Aly Mohammed, Fathi Islam S
Department of Artificial Intelligence, Faculty of Artificial Intelligence, Egyptian Russian University, Badr City, 11829, Egypt.
Department of Computer Science, Faculty of Information Technology, Ajloun National University, P. O. 43, Ajloun, 26810, Jordan.
Sci Rep. 2025 Jun 23;15(1):20253. doi: 10.1038/s41598-025-06344-8.
Gesture recognition plays a vital role in computer vision, especially for interpreting sign language and enabling human-computer interaction. Many existing methods struggle with challenges like heavy computational demands, difficulty in understanding long-range relationships, sensitivity to background noise, and poor performance in varied environments. While CNNs excel at capturing local details, they often miss the bigger picture. Vision Transformers, on the other hand, are better at modeling global context but usually require significantly more computational resources, limiting their use in real-time systems. To tackle these issues, we propose a Hybrid Transformer-CNN model that combines the strengths of both architectures. Our approach begins with CNN layers that extract detailed local features from both the overall hand and specific hand regions. These CNN features are then refined by a Vision Transformer module, which captures long-range dependencies and global contextual information within the gesture. This integration allows the model to effectively recognize subtle hand movements while maintaining computational efficiency. Tested on the ASL Alphabet dataset, our model achieves a high accuracy of 99.97%, runs at 110 frames per second, and requires only 5.0 GFLOPs-much less than traditional Vision Transformer models, which need over twice the computational power. Central to this success is our feature fusion strategy using element-wise multiplication, which helps the model focus on important gesture details while suppressing background noise. Additionally, we employ advanced data augmentation techniques and a training approach incorporating contrastive learning and domain adaptation to boost robustness. Overall, this work offers a practical and powerful solution for gesture recognition, striking an optimal balance between accuracy, speed, and efficiency-an important step toward real-world applications.
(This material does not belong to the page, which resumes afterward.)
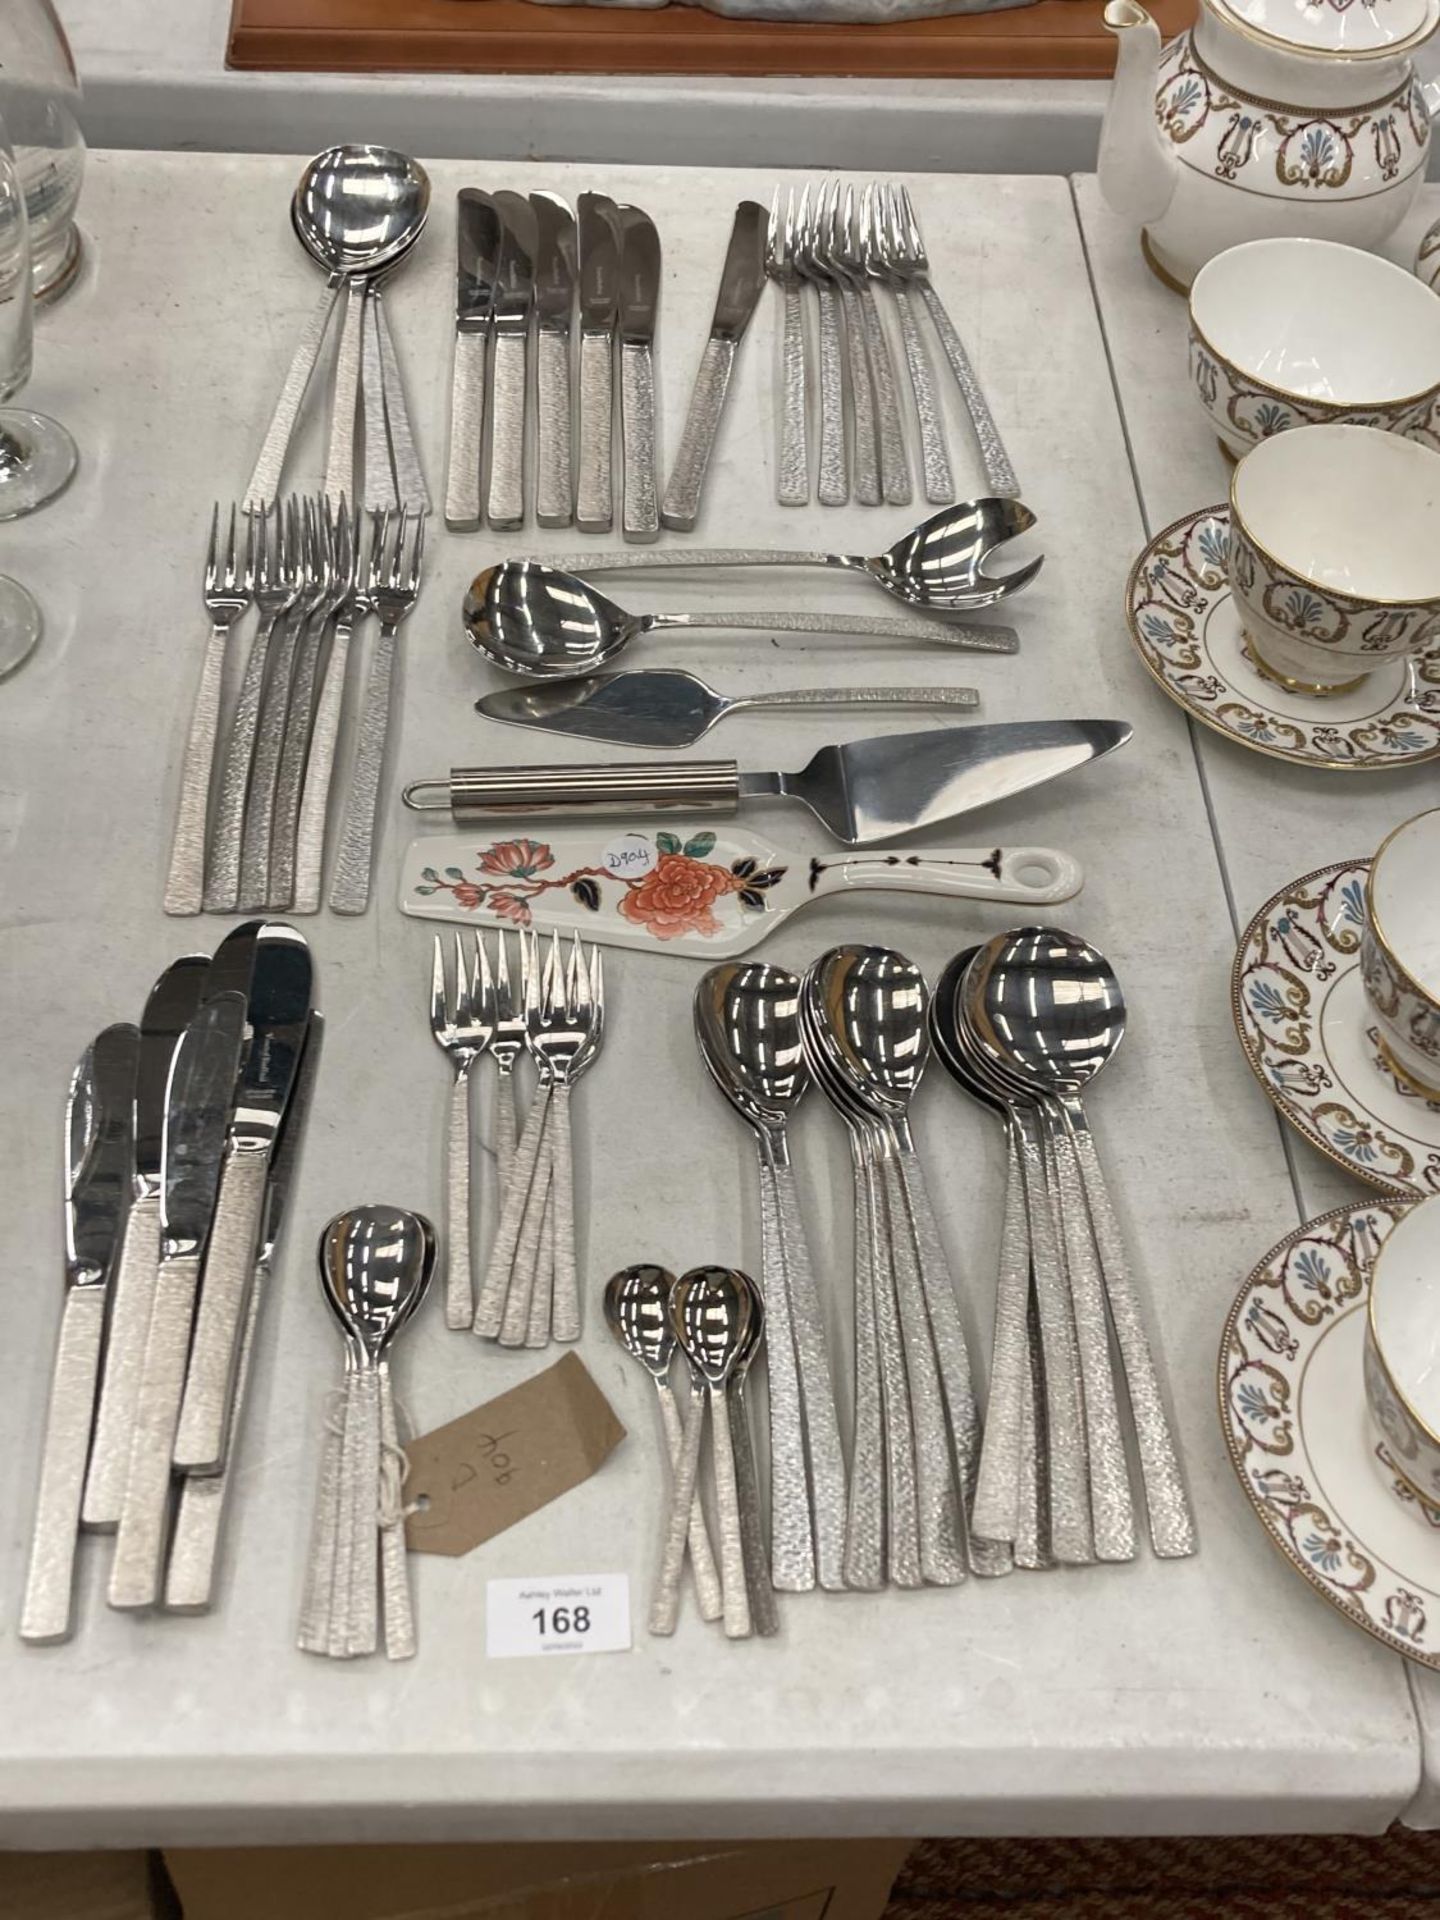 A QUANTITY OF FLATWARE TO INCLUDE KNIVES, FORKS, SPOONS, SERVERS, ETC

手势识别在计算机视觉中起着至关重要的作用,特别是在解读手语和实现人机交互方面。许多现有方法面临着诸如计算需求大、理解远距离关系困难、对背景噪声敏感以及在各种环境中性能不佳等挑战。虽然卷积神经网络(CNNs)擅长捕捉局部细节,但它们往往忽略了整体情况。另一方面,视觉Transformer在建模全局上下文方面表现更好,但通常需要更多的计算资源,这限制了它们在实时系统中的应用。为了解决这些问题,我们提出了一种混合Transformer-CNN模型,该模型结合了两种架构的优势。我们的方法首先通过CNN层从整个手部和特定手部区域提取详细的局部特征。然后,这些CNN特征由视觉Transformer模块进行细化,该模块捕捉手势中的远距离依赖关系和全局上下文信息。这种整合使模型能够有效地识别细微的手部动作,同时保持计算效率。在ASL字母数据集上进行测试时,我们的模型实现了99.97%的高精度,每秒运行110帧,仅需要5.0 GFLOPs,远低于传统的视觉Transformer模型,后者需要两倍以上的计算能力。这一成功的关键在于我们使用逐元素乘法的特征融合策略,该策略有助于模型专注于重要的手势细节,同时抑制背景噪声。此外,我们采用了先进的数据增强技术以及一种结合对比学习和域适应的训练方法来提高鲁棒性。总体而言,这项工作为手势识别提供了一个实用且强大的解决方案,在准确性、速度和效率之间取得了最佳平衡,这是迈向实际应用的重要一步。